Nothing outside the range is to be copied. From the entries below, reproduce exactly the lines starting at the one with "1957-Chevrolet -engine -detail" and ending at the one with "Sheraton Grand Rio", without pictures.

### Data shown
################

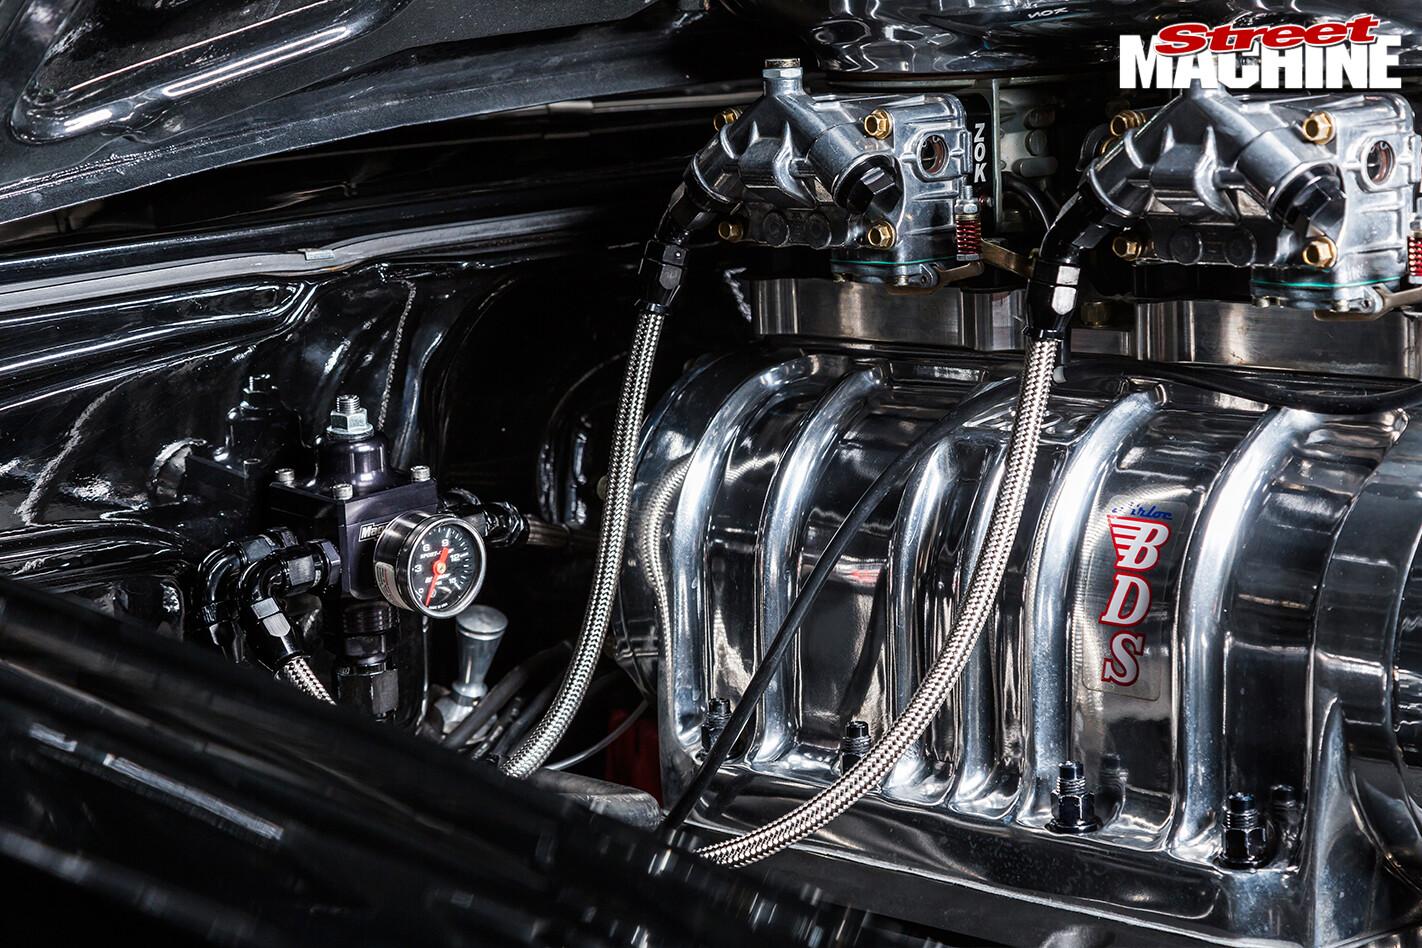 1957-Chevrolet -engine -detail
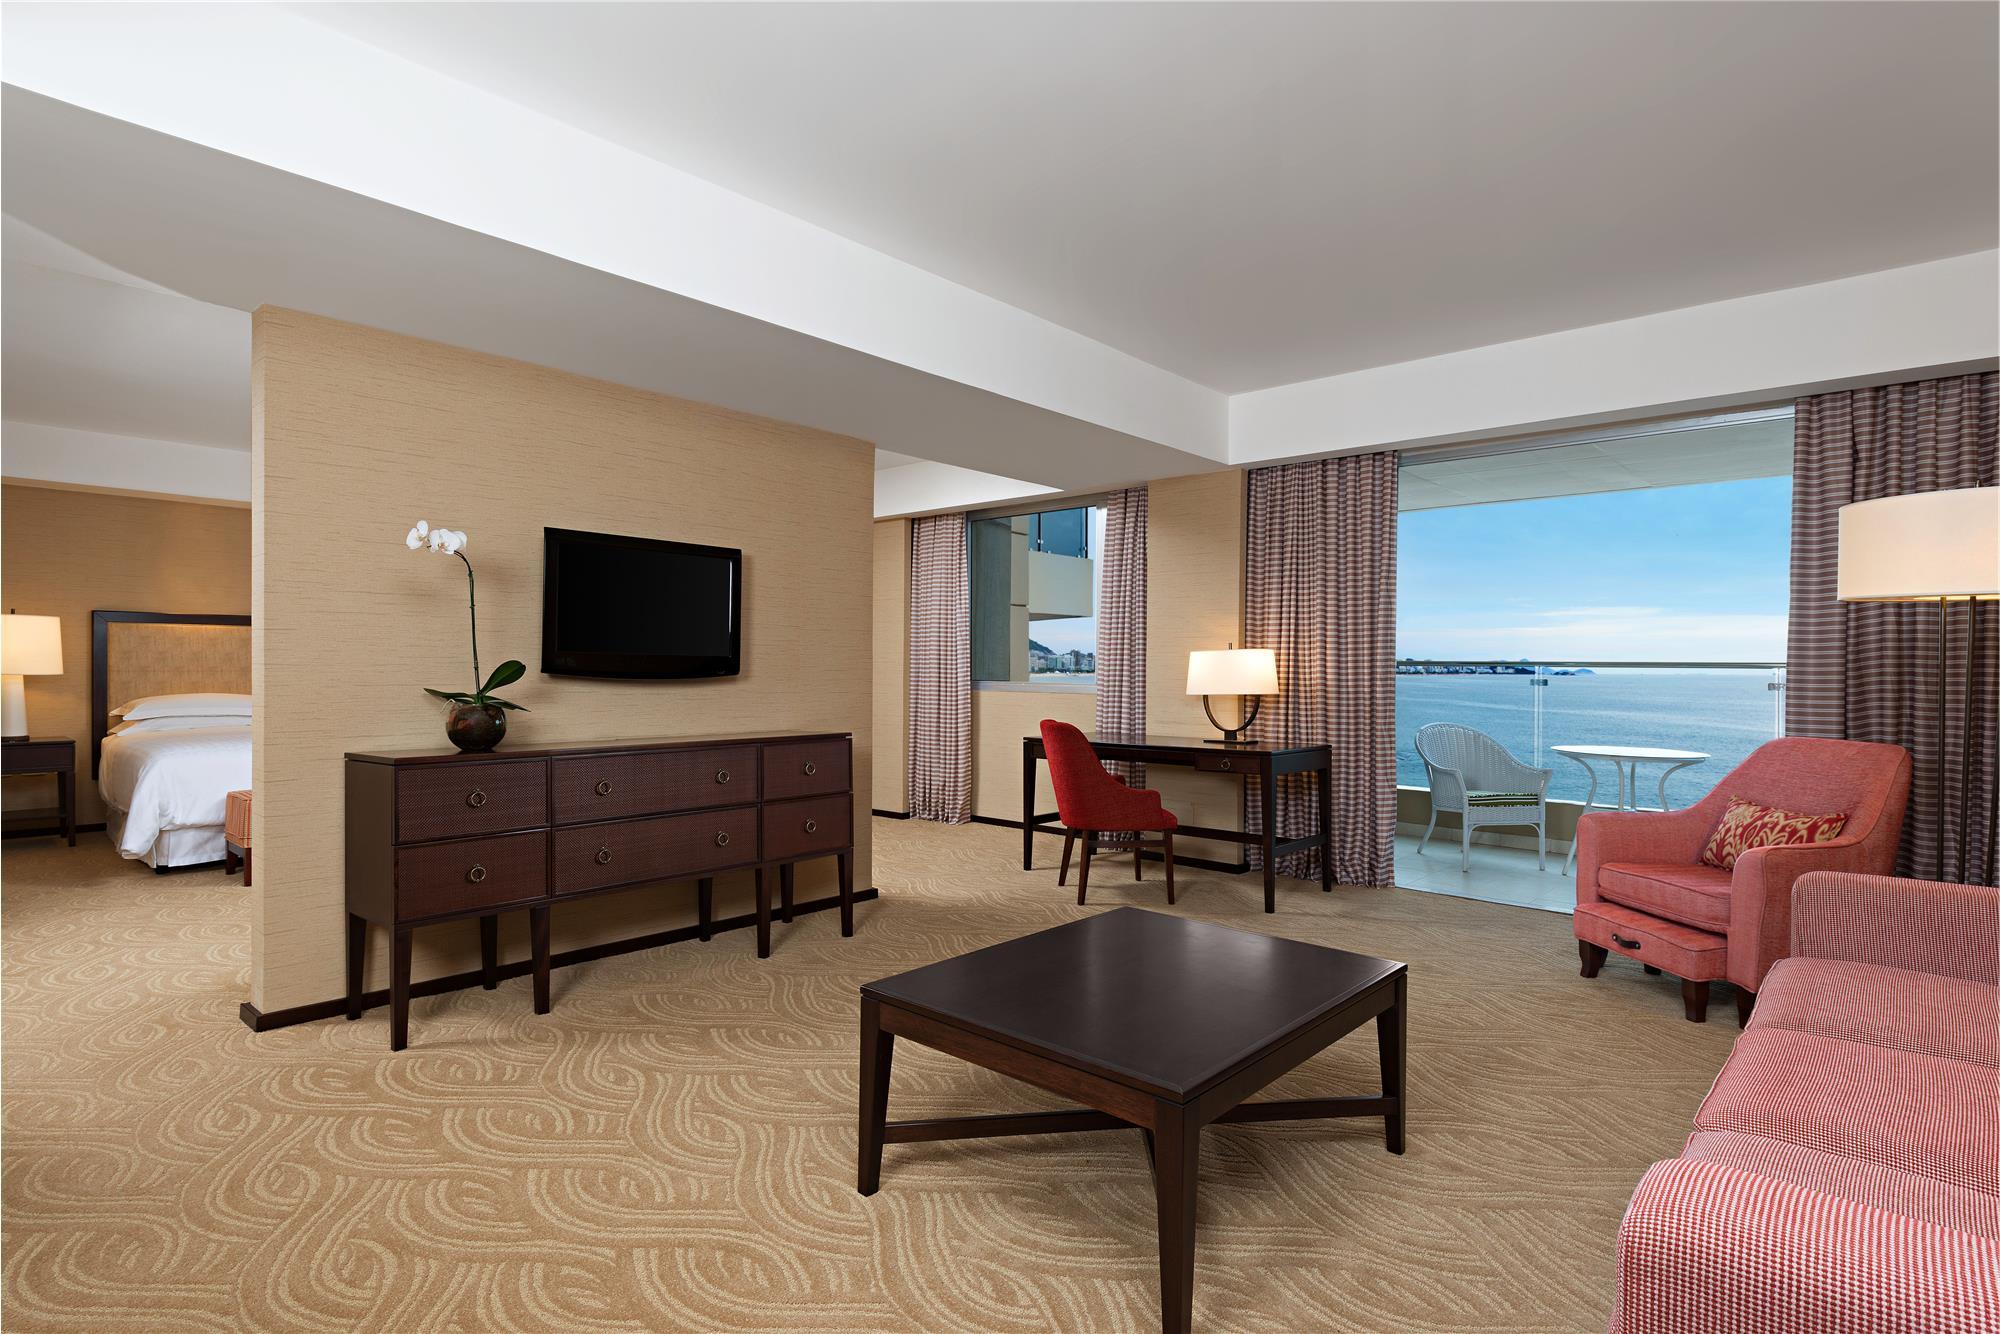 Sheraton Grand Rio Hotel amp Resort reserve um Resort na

################

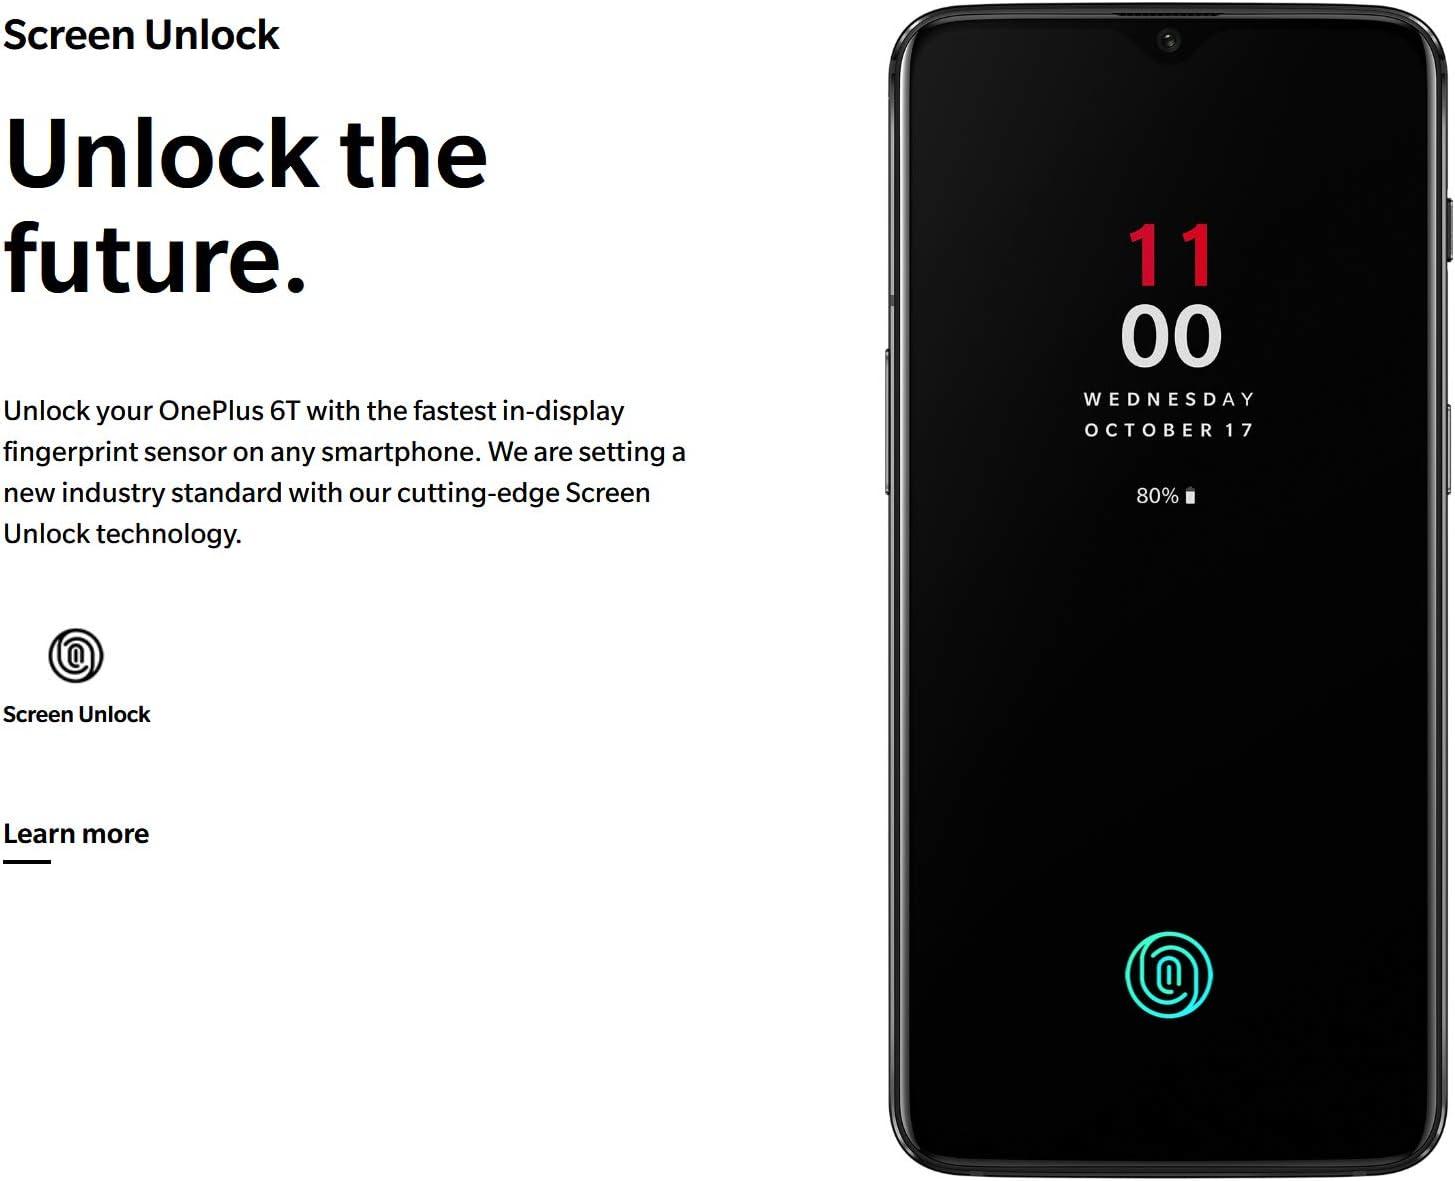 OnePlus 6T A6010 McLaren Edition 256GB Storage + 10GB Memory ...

################

### Result of this task
 1957-Chevrolet -engine -detail
 Sheraton Grand Rio Hotel amp Resort reserve um Resort na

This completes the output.